Task item ->
From the data below, return only the lines from the one with "Plaat van de" through the one with "Криворожские центры по", exact and inclusive, with pictures left out.

Records for processing ->
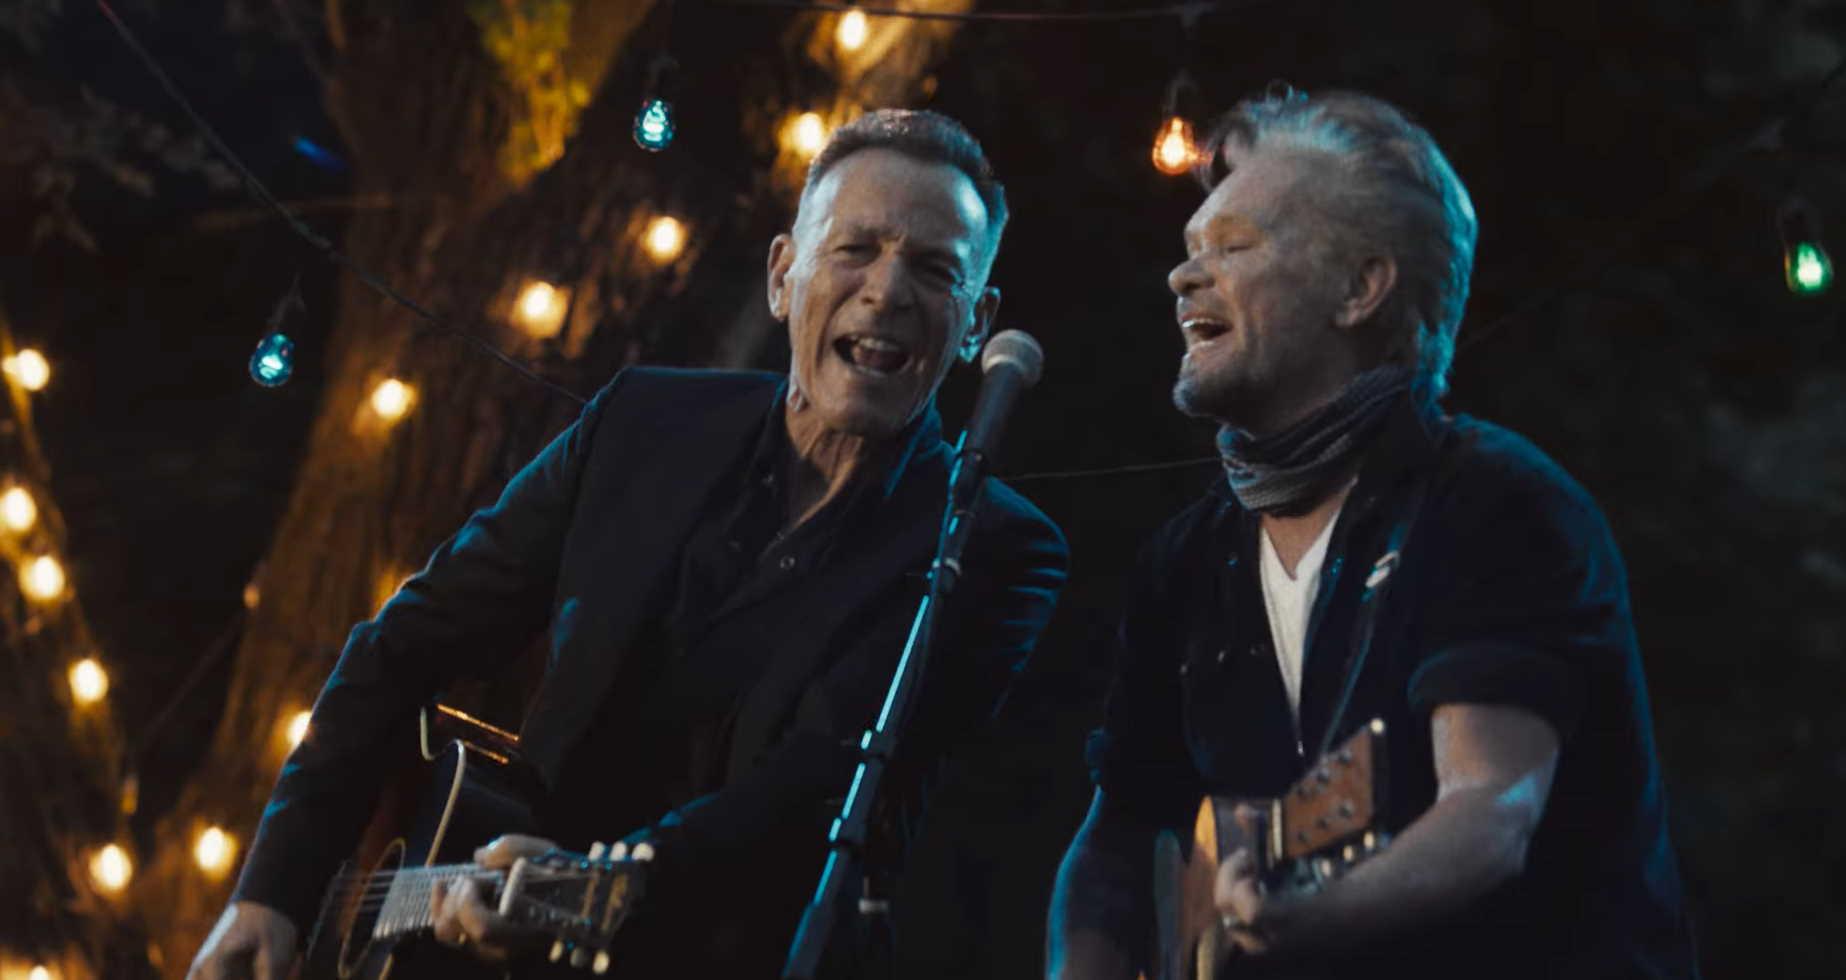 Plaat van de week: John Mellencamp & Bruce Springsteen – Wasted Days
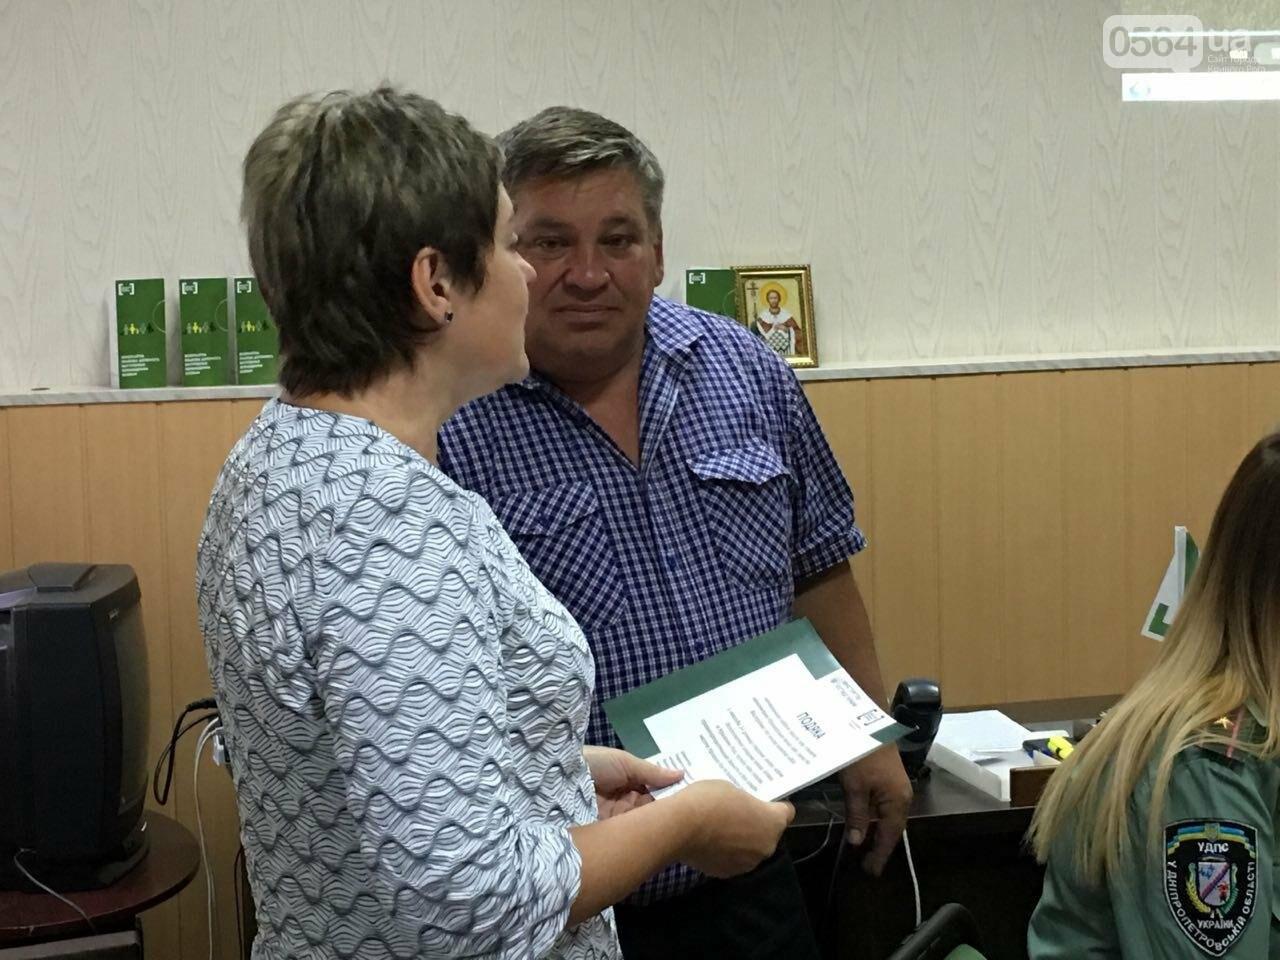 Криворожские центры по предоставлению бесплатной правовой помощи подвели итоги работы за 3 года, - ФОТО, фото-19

==

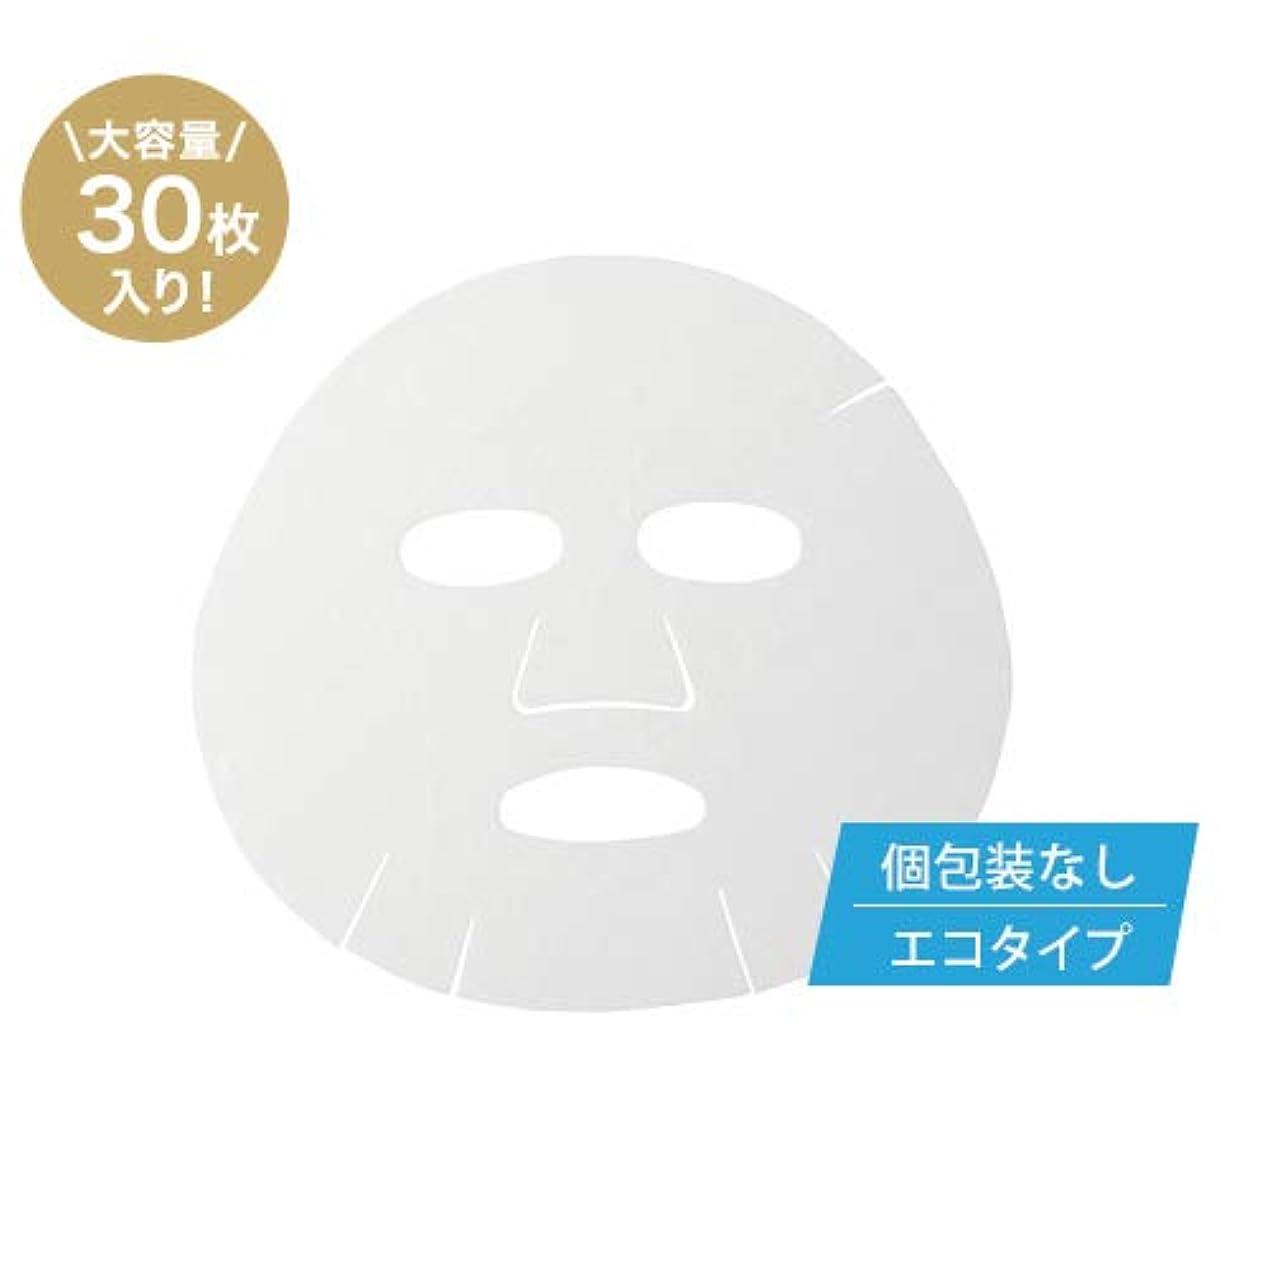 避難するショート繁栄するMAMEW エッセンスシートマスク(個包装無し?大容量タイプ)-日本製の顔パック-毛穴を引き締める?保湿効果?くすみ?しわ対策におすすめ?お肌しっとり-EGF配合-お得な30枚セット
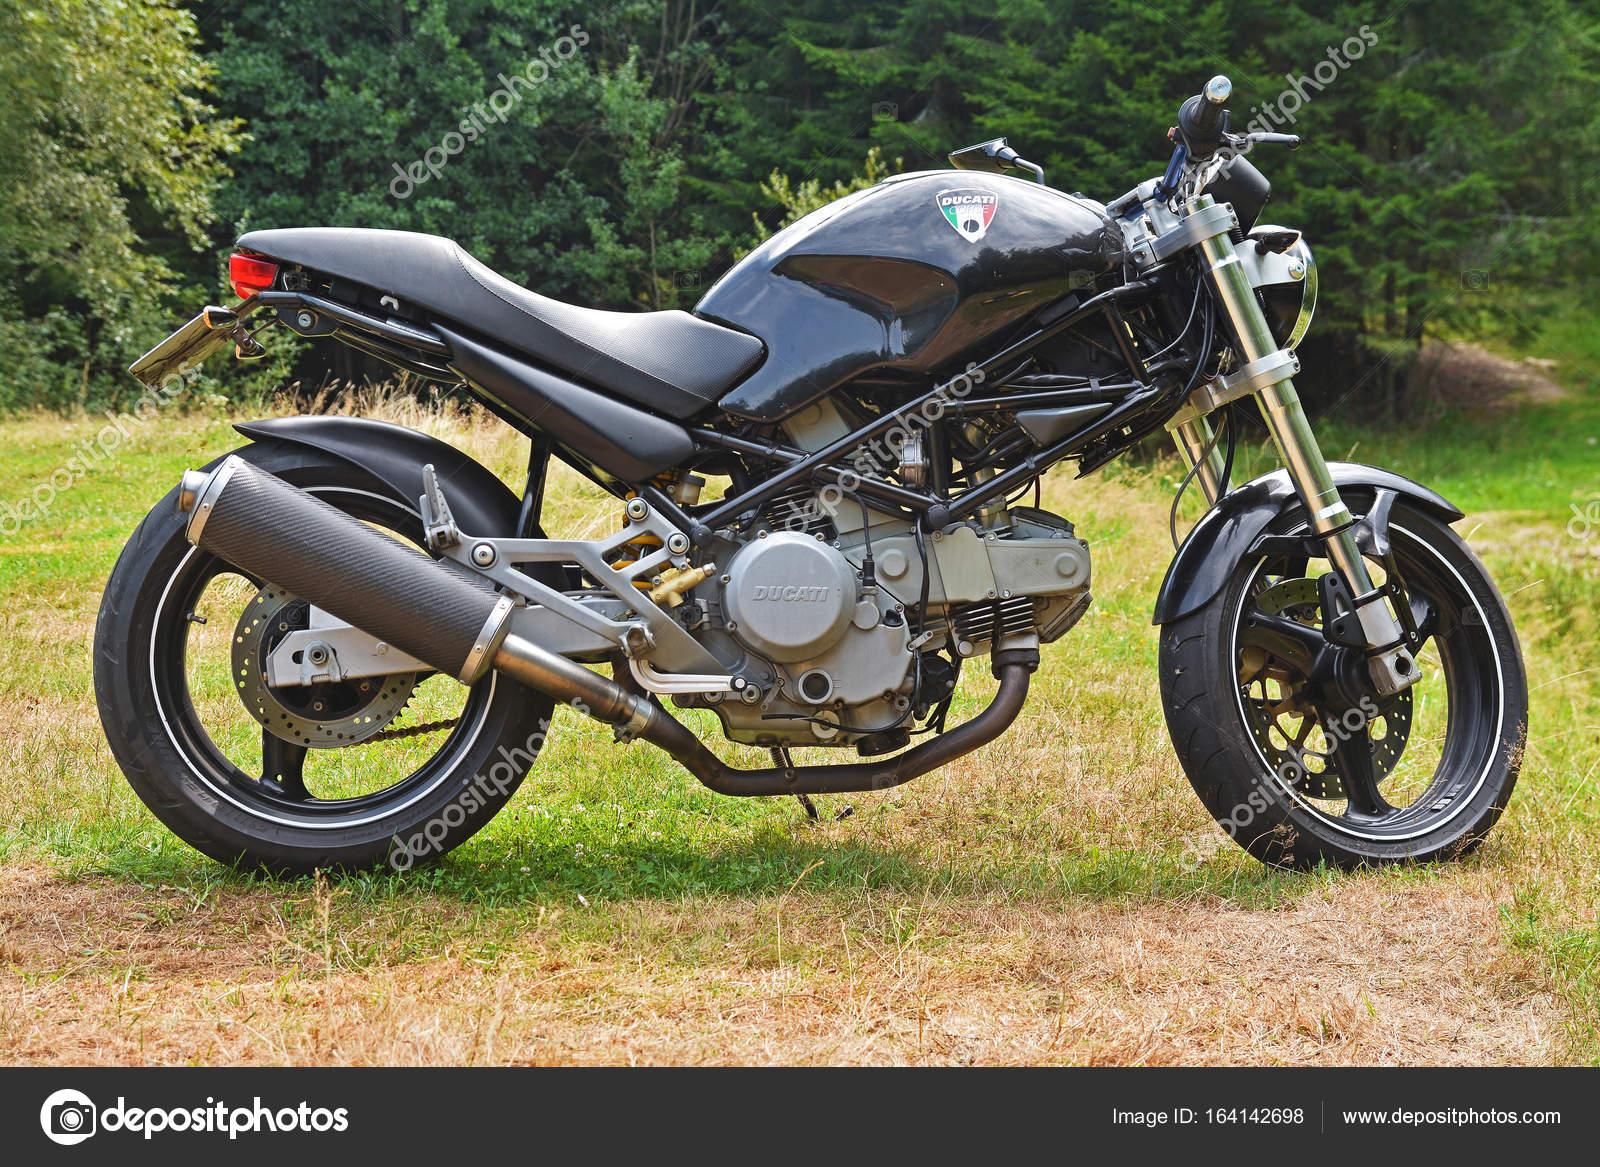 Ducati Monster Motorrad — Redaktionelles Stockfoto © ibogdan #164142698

---

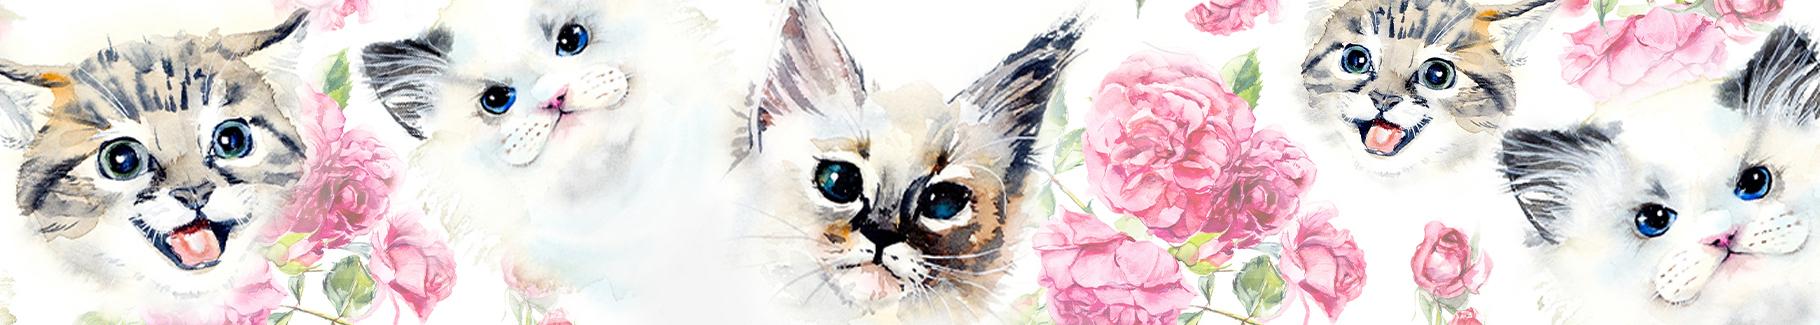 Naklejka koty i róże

Output of the task ->
 Plaat van de week: John Mellencamp & Bruce Springsteen – Wasted Days
 Криворожские центры по предоставлению бесплатной правовой помощи подвели итоги работы за 3 года, - ФОТО, фото-19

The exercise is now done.